● INFORMATION SHOWN
=== Begin Enclosure ===

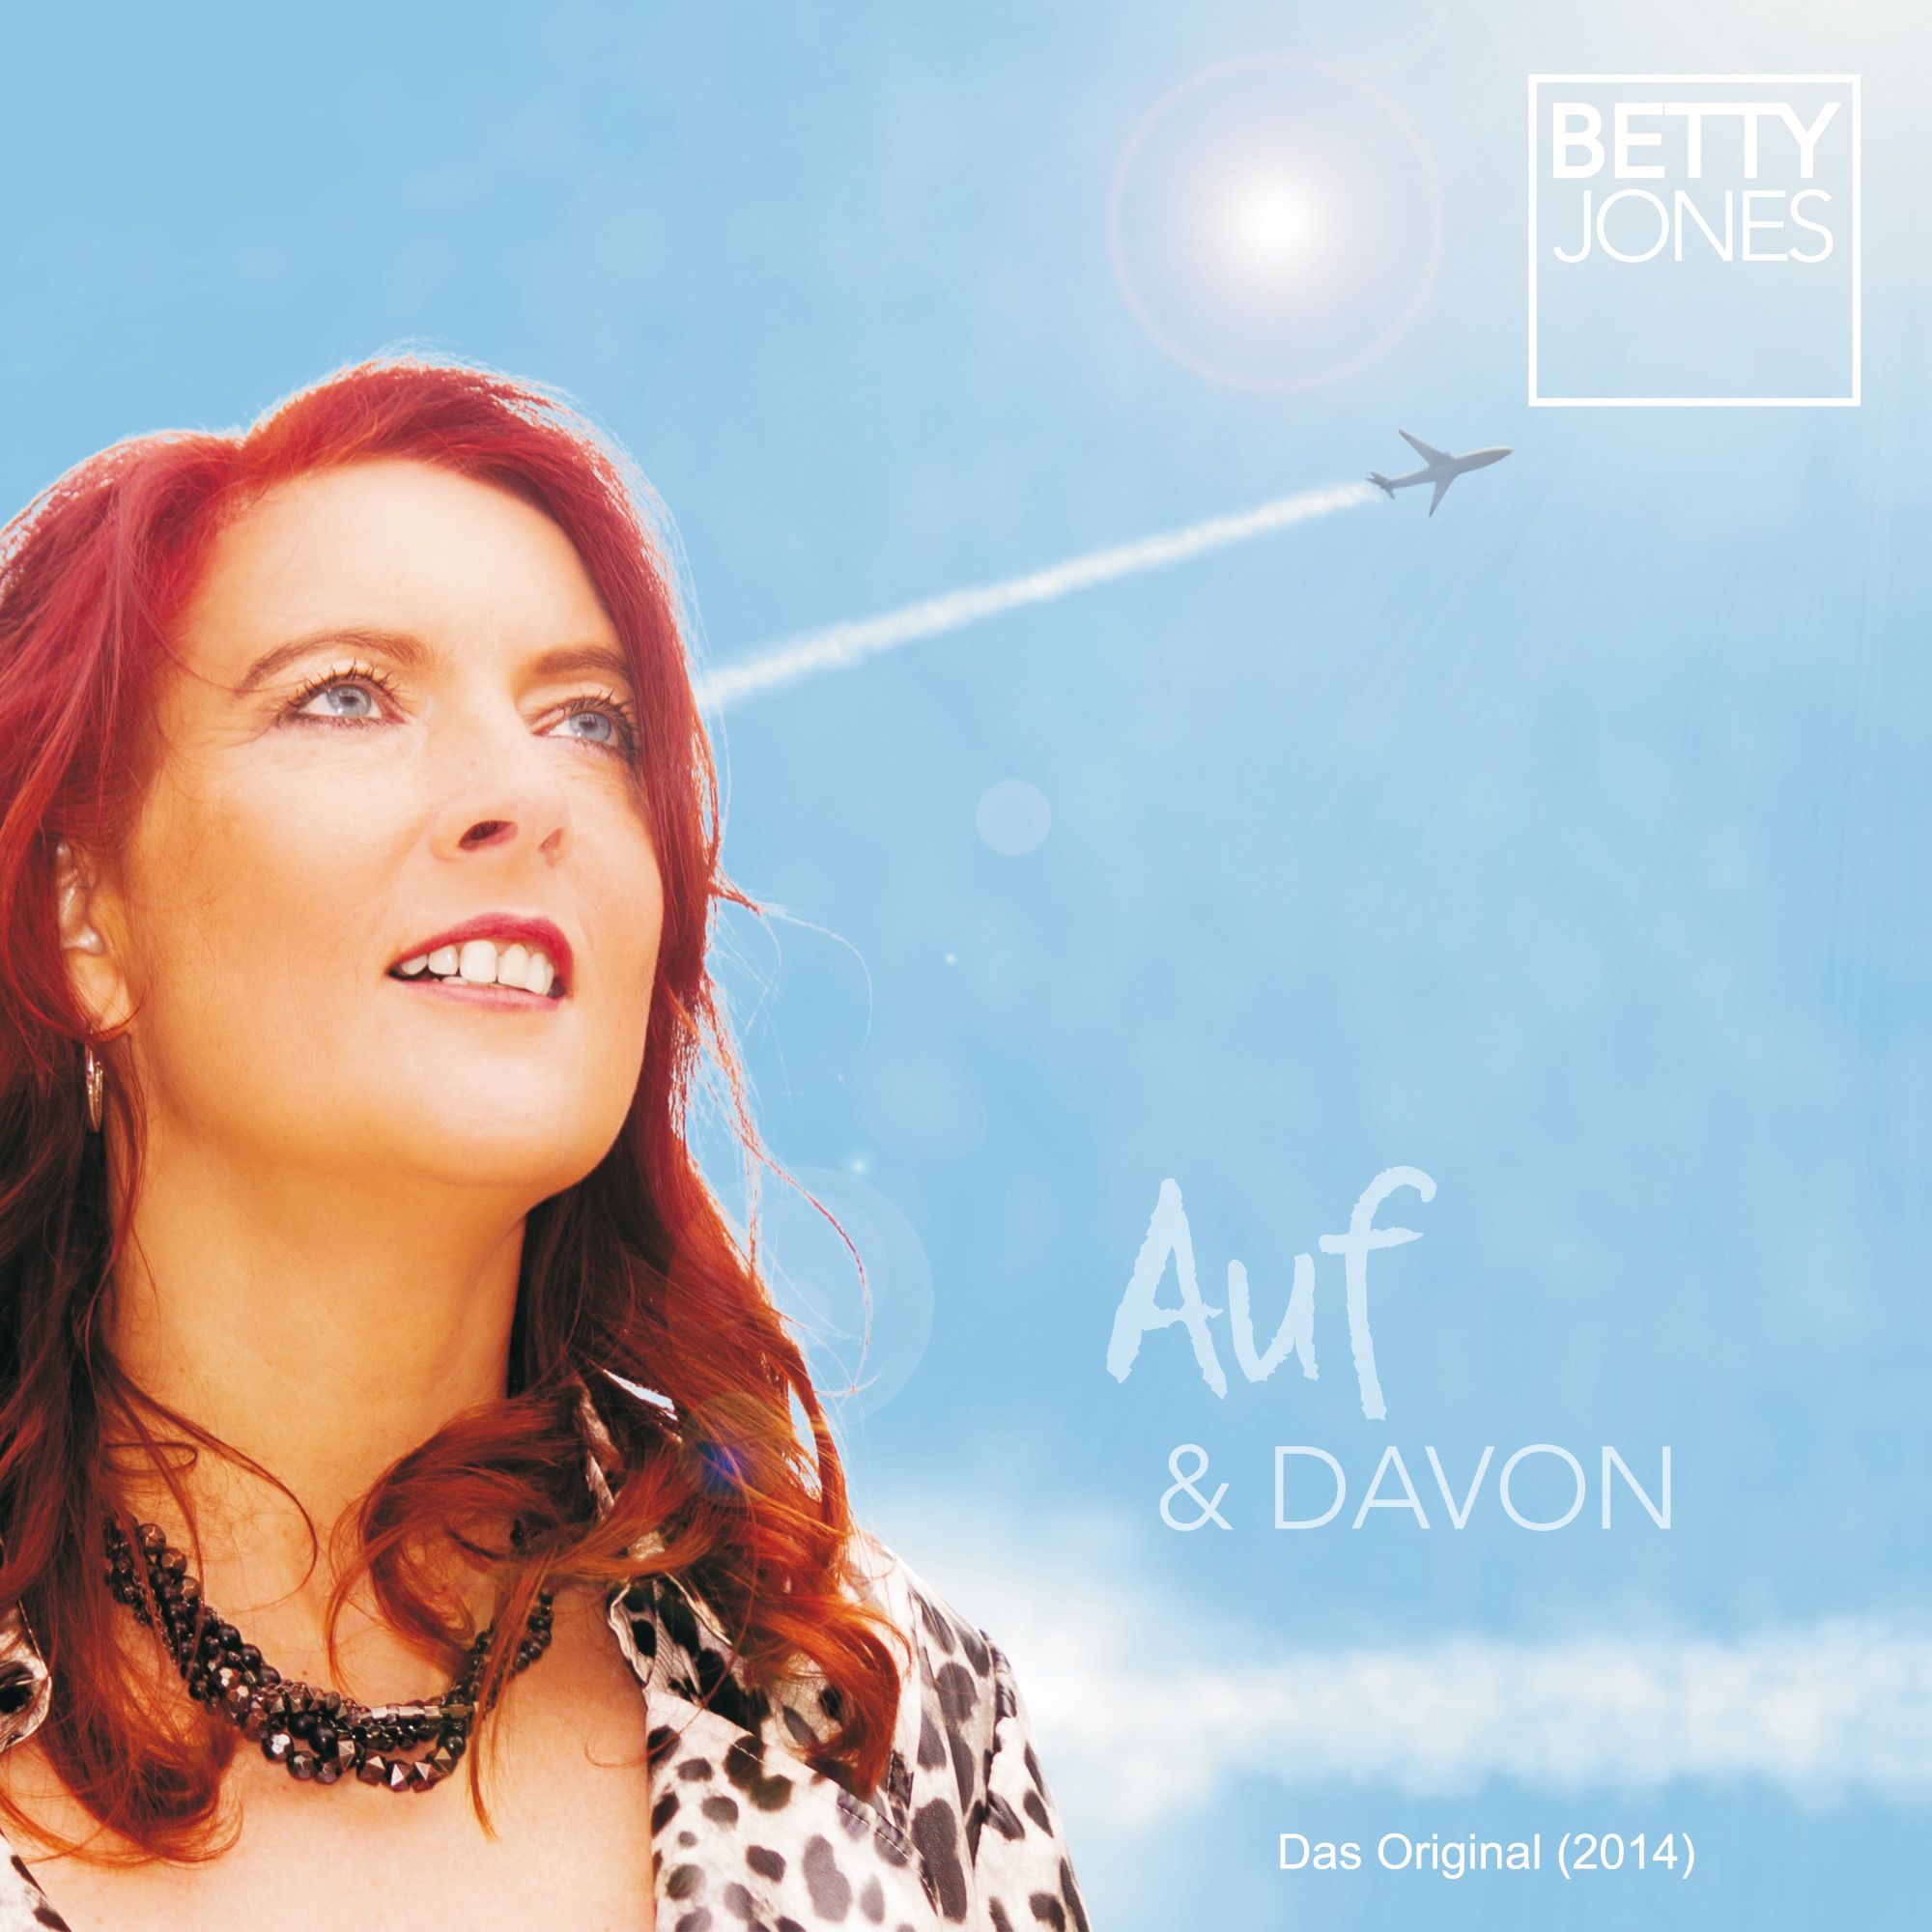 „Auf und davon (Das Original 2014) - Single“ von Betty Jones in iTunes
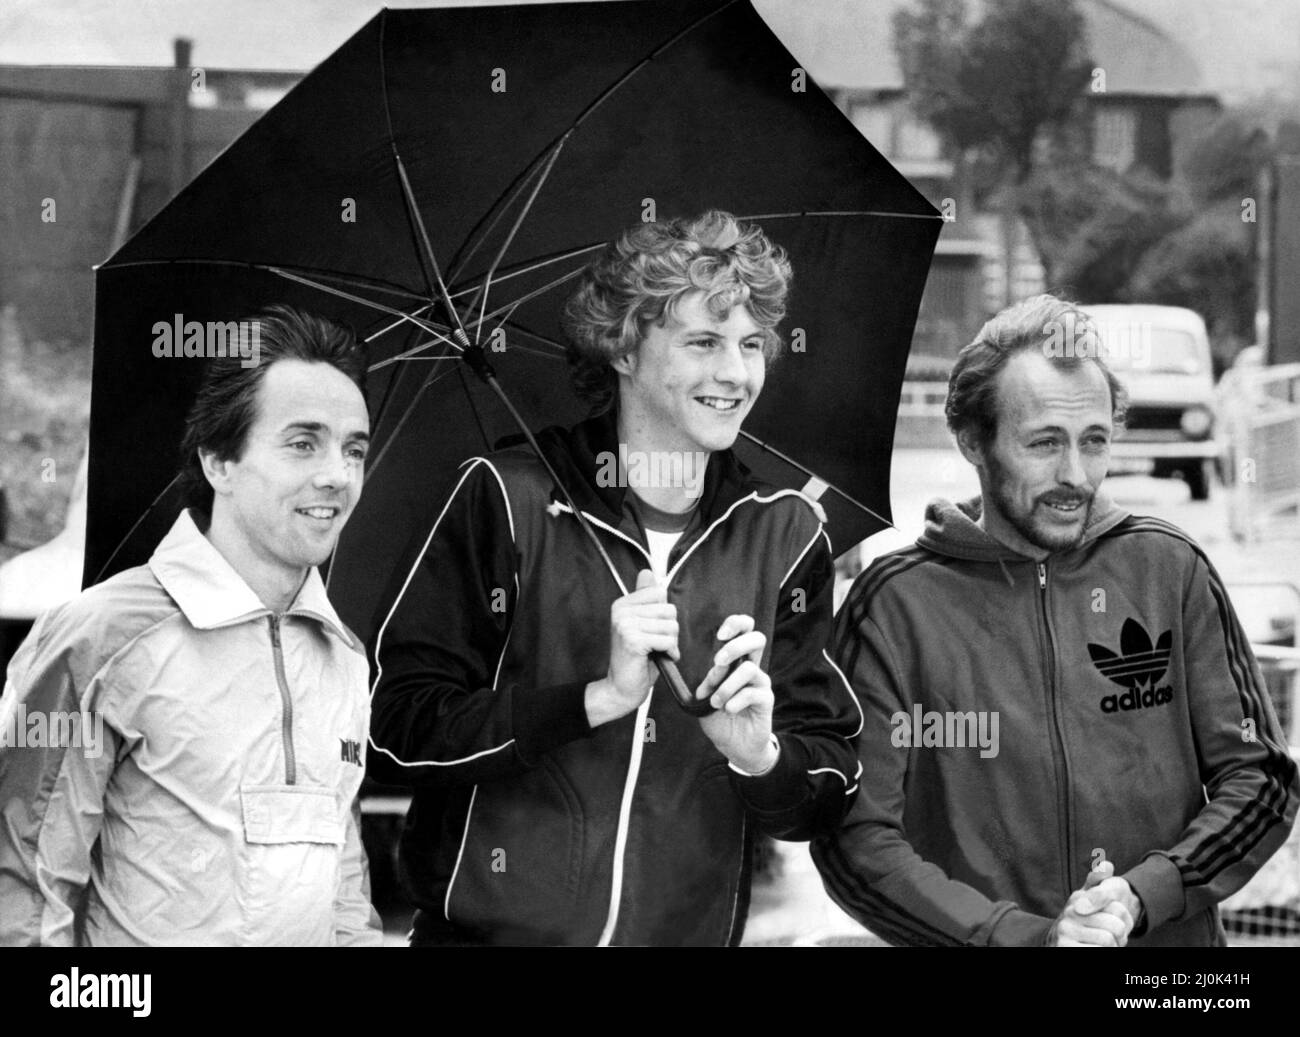 Der Athlet Steve Cram die Athleten Barry Smith, Steve Cram und Mike McLeod halten sich in Gateshead vor dem Regen zurück, um sich auf das kommende 3.000-Meter-Rennen am Sonntag vorzubereiten - Bild vom 23. Juli 1981 Stockfoto
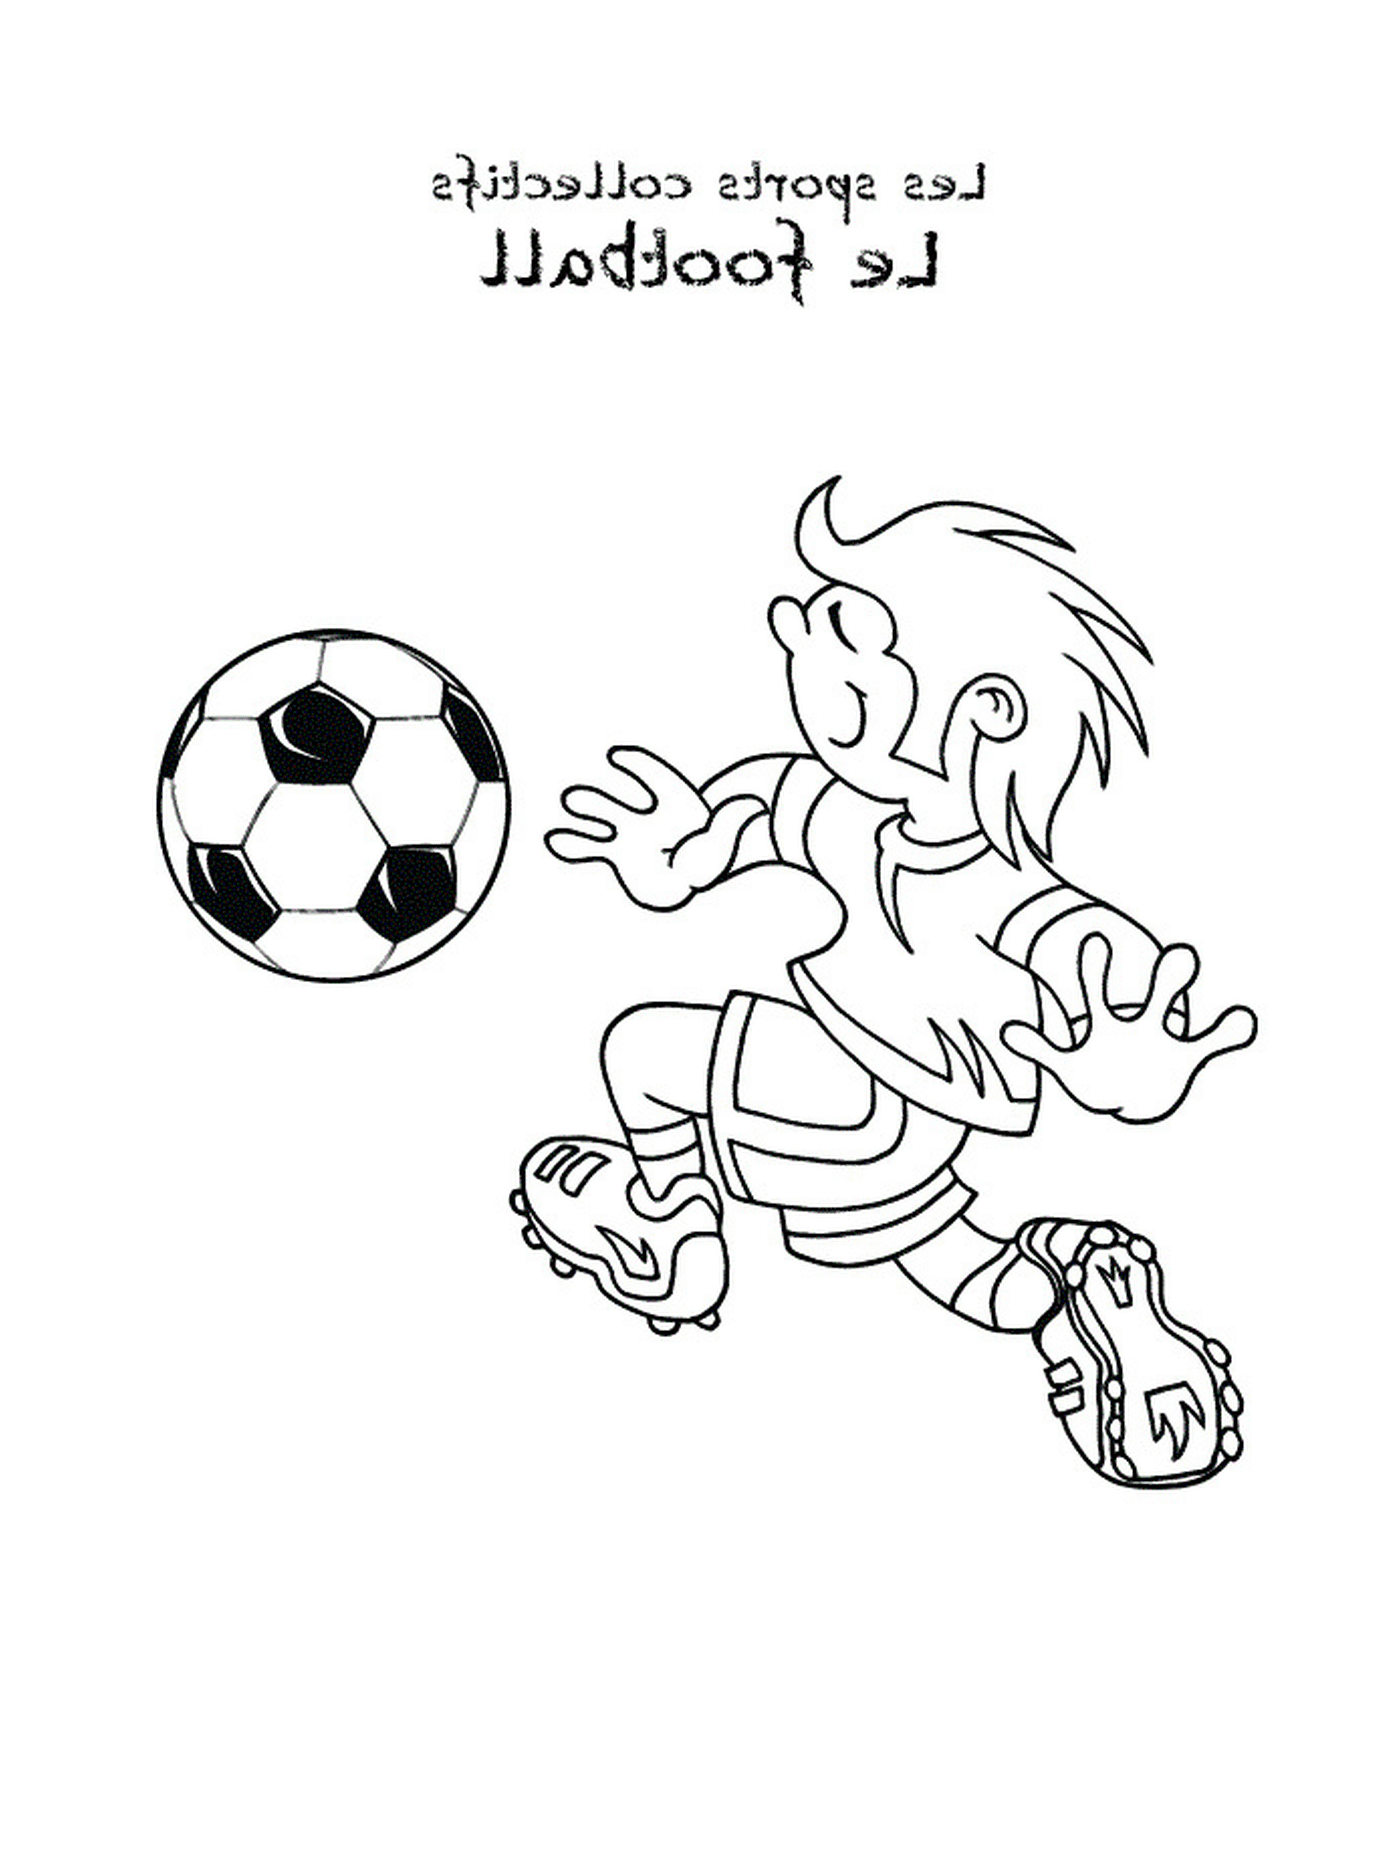   Un enfant joue au foot 
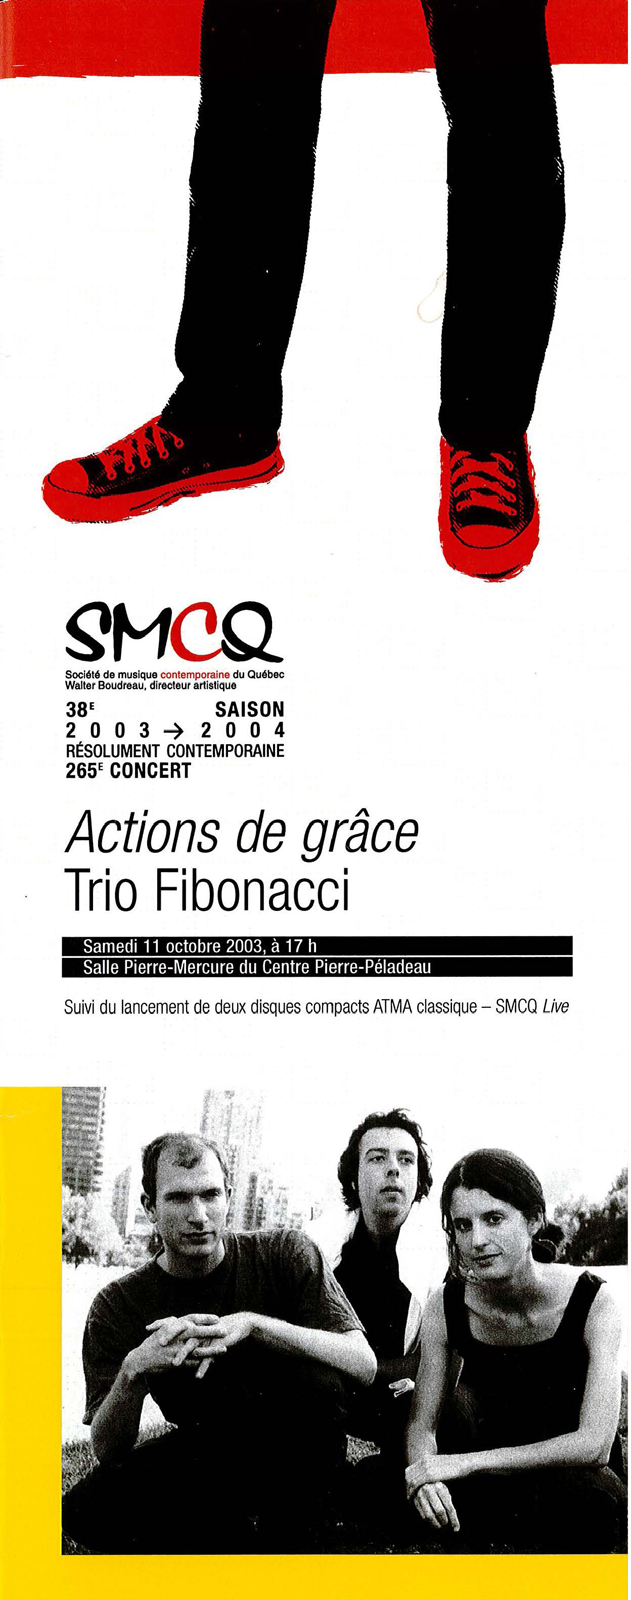 Figure 9 : SMCQ, Programme du 265<sup>e</sup> concert, 11 octobre 2003, 1<sup>re</sup> de couverture, 10, 7 cm x 27,7 cm. Graphisme : Elastik / Photo : Trio Fibonacci (Gabriel Prynn, André Ristic, Julie-Anne Derome)

=== End Enclosure ===

● ABOUT THIS EXERCISE
Copy out every line above without change, dropping the pictures.

● TASK ANSWER
 „Auf und davon (Das Original 2014) - Single“ von Betty Jones in iTunes
 Der Athlet Steve Cram die Athleten Barry Smith, Steve Cram und Mike McLeod halten sich in Gateshead vor dem Regen zurück, um sich auf das kommende 3.000-Meter-Rennen am Sonntag vorzubereiten - Bild vom 23. Juli 1981 Stockfoto
   Un enfant joue au foot 
 Figure 9 : SMCQ, Programme du 265<sup>e</sup> concert, 11 octobre 2003, 1<sup>re</sup> de couverture, 10, 7 cm x 27,7 cm. Graphisme : Elastik / Photo : Trio Fibonacci (Gabriel Prynn, André Ristic, Julie-Anne Derome)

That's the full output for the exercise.